Icewind Dale Retrospective

PC Games N writer Jeremy Peel has penned an extremely positive retrospective article for Black Isle’s combat-focused Infinity Engine RPG Icewind Dale. I’m going to quote a few words of his on the title’s worldbuilding to get you started:

The sense of locality yields some wonderfully subtle world-building. The starting town alone, Easthaven, manages to pack subsistence, stoicism, religion and the stench of drying fish into an isometric drawing.

Later, in an extended bout of forensic storytelling, you get to pick through a Elven stronghold that fell tragically after the breakdown of its relationship with its dwarven allies. And then you’ll traipse through the dwarven city and uncover their side of the story of how things went wrong.
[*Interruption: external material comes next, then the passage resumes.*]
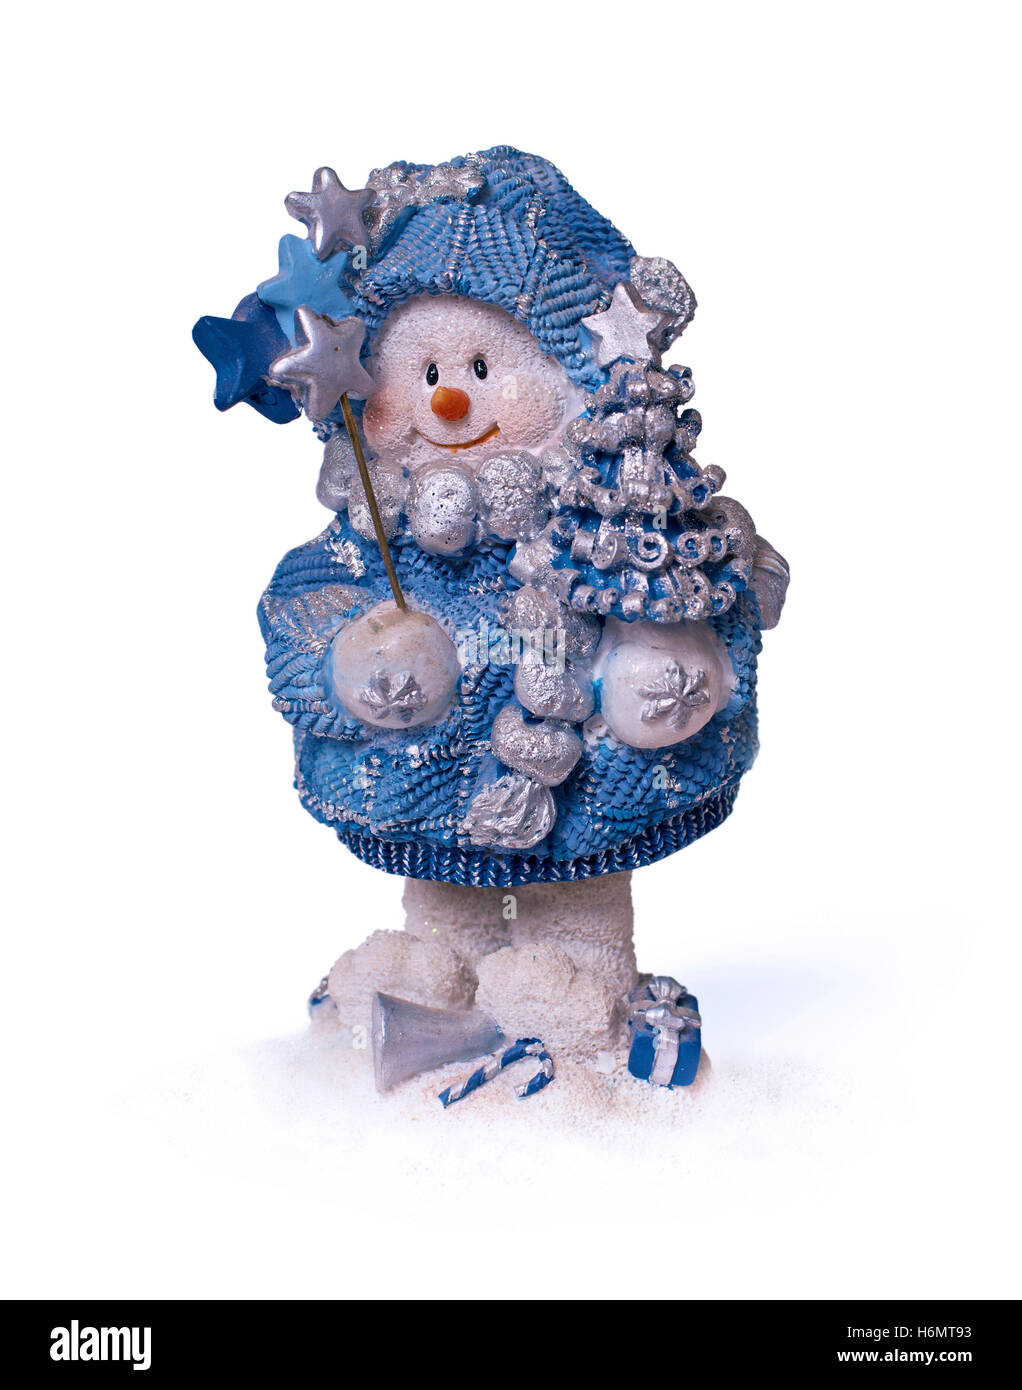 Navidad snowman con varita mágica Foto de stock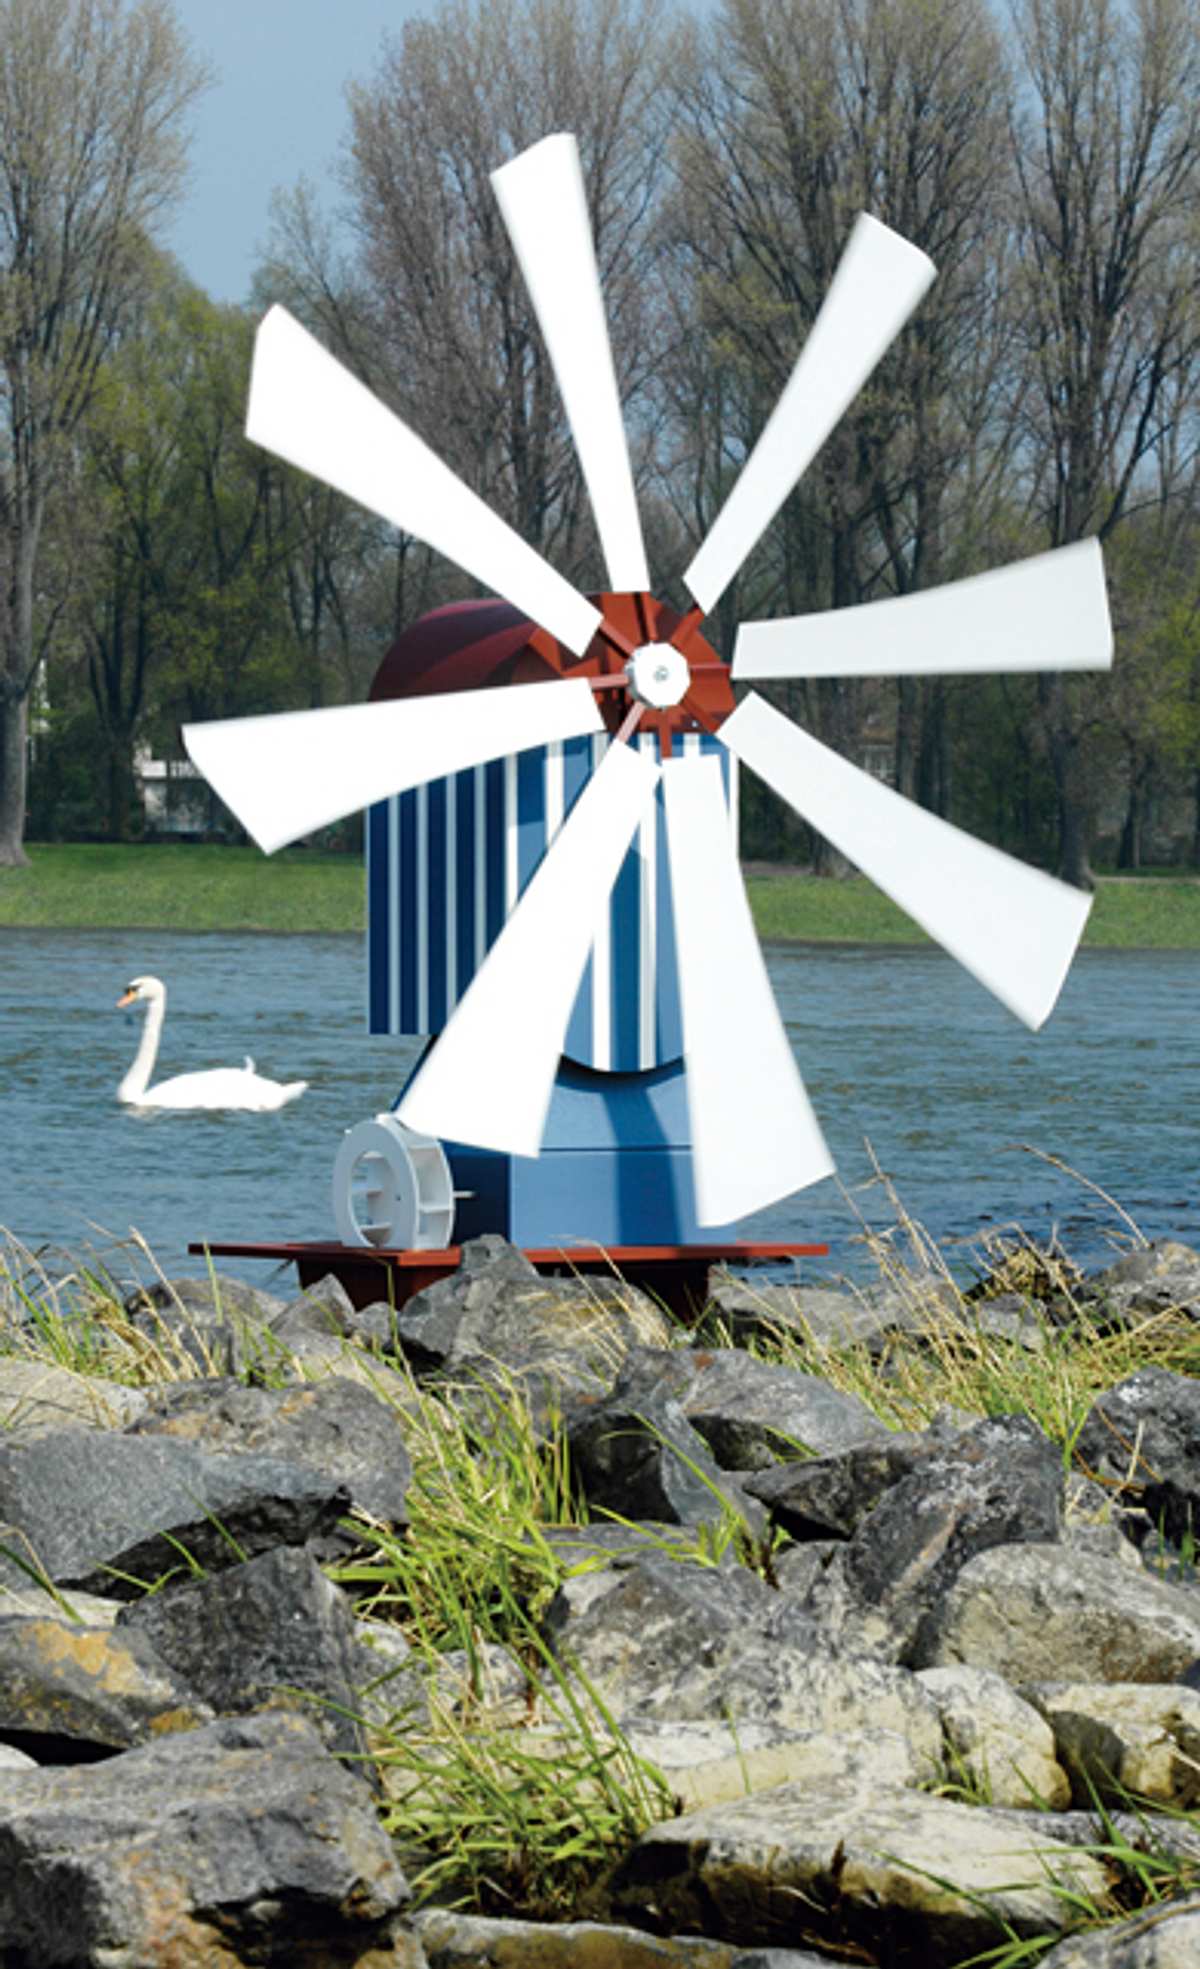 Bauanleitung: Windmühle bauen

It’s like trudging through an epic poem punctuated by punch-ups with spectral orcs.

Icewind Dale also remains to my knowledge the only RPG in which you can have an argument with a skeleton about the problem of proactive foreign policy.

Tasked with finding the source of a warmth-quenching power that threatens to strangle civilisation in the Dale, you’re reduced to cracking open the crypts of known ancient evils in the area. More than once, your tenuous lines of inquiry end with a ticking off from an especially animated undead warrior about the audacity of storming into a tomb under false pretences. If its release date didn’t say different, I’d be convinced Icewind Dale was an allegory about the search for WMDs.

Despite the game’s overt combat focus, Black Isle clearly took role-playing very seriously in everything they did. Memorably, one map in the game can be turned from a dialogue hub to a wholly hostile area if you happen to have a paladin leading the party.